Institute for War and Peace Reporting | Giving Voice, Driving Change

Iraq: Nov '07

Some of the trainees who attended an IWPR workshop say it was the best course they’ve taken.
Nine Iraqi journalists took part in a training session covering local governance reporting, a subject that has featured strongly in IWPR’s work this year.

The five-day course included extensive reporting exercises that taught students how to ask critical questions and obtain detailed, accurate information from sources.

The editing exercises helped the students - six of whom were editors - to analyse and restructure stories.

Over the course of the year, IWPR has published a number of special reports on various aspects of local governance, including energy provision, education and health services.

Under Saddam’s regime, local authorities existed but had little power. Today, Iraq is grappling with how much authority and autonomy local governments - such as provincial and town councils - should have.

IWPR has organised a series of the training workshops which have not only dealt with the principles of local governance reporting, but also encouraged students to discuss the issue of devolved


The participants in this latest seminar felt they had learnt important lessons.

“Frankly and without exaggeration, this is the best course I have ever taken,” said a news editor from Muthanna province who had previously attended courses inside and outside of Iraq. “I hope that there will be more advanced courses to build on what we have learned.”

Another trainee who has taken part in courses outside Iraq agreed that, “IWPR’s course was the best I’ve had”.

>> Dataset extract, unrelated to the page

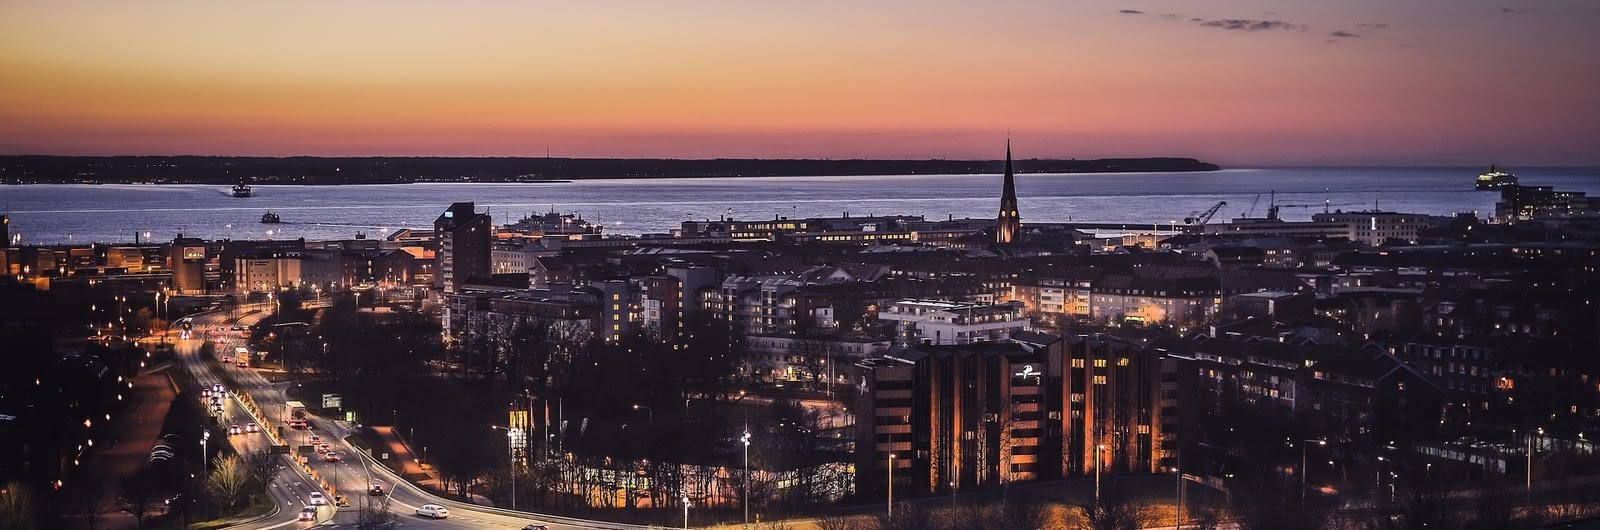 helsingborg city header

Students said the course helped them to clearly and accurately explain information. One trainee said he appreciated learning how to “write news and features in a way that readers can understand the stories”.

“I’ve been working as an editor for a year for an independent Iraqi radio station,” said the trainee.

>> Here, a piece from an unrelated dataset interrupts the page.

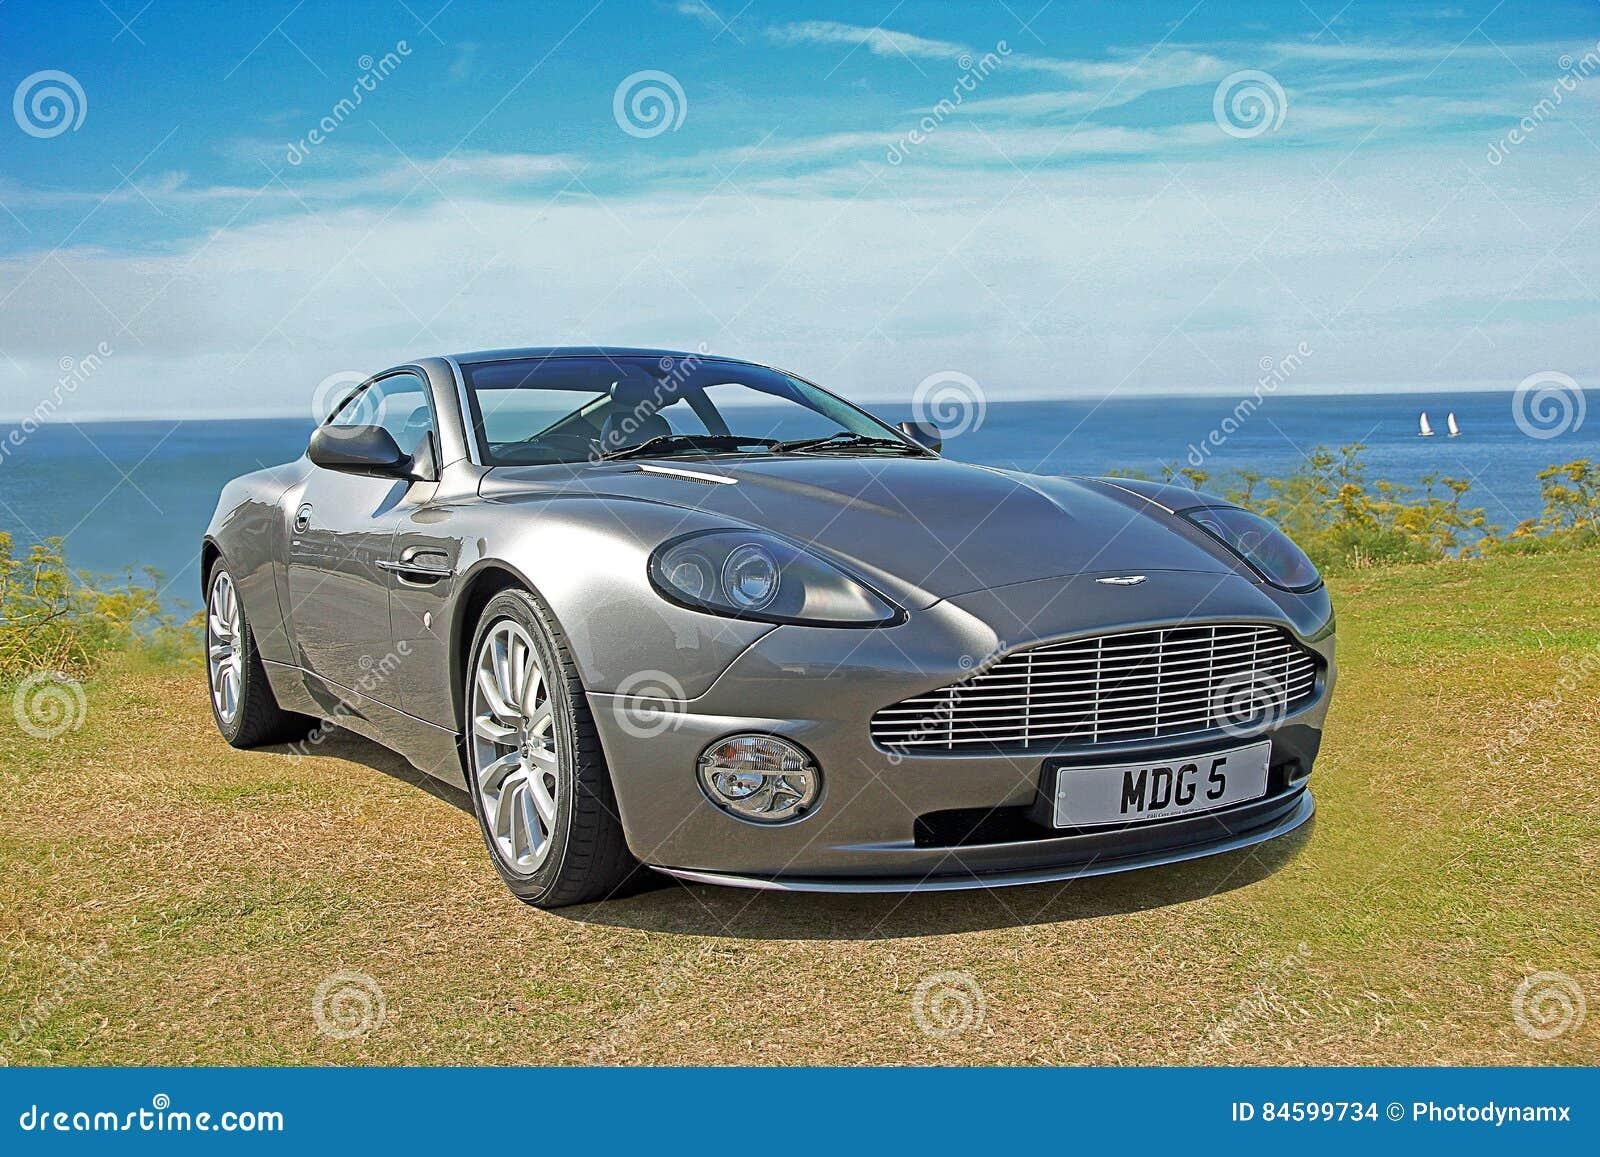 Aston Martin Vanquish Editorial Stock Image Image Of Motors 84599734

“The training came at a perfect time, because as an Iraqi journalist, I really needed the opportunity to develop my skills.”

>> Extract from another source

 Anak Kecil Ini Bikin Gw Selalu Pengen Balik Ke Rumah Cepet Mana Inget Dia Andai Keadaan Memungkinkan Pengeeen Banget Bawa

Students said they would use IWPR’s methods in their work, and some planned to introduce other journalists in their news organisations to the reporting and editing techniques they learned.

The course also included lectures and discussions on problems facing Iraqi journalists, such as the lack of press freedom in the country and ethical and security issues.

This enabled the students, who came from a number of different regions of the country, to share and suggest ways of tackling serious concerns facing journalists in Iraq.

The names of the trainees have been omitted to protect their identity.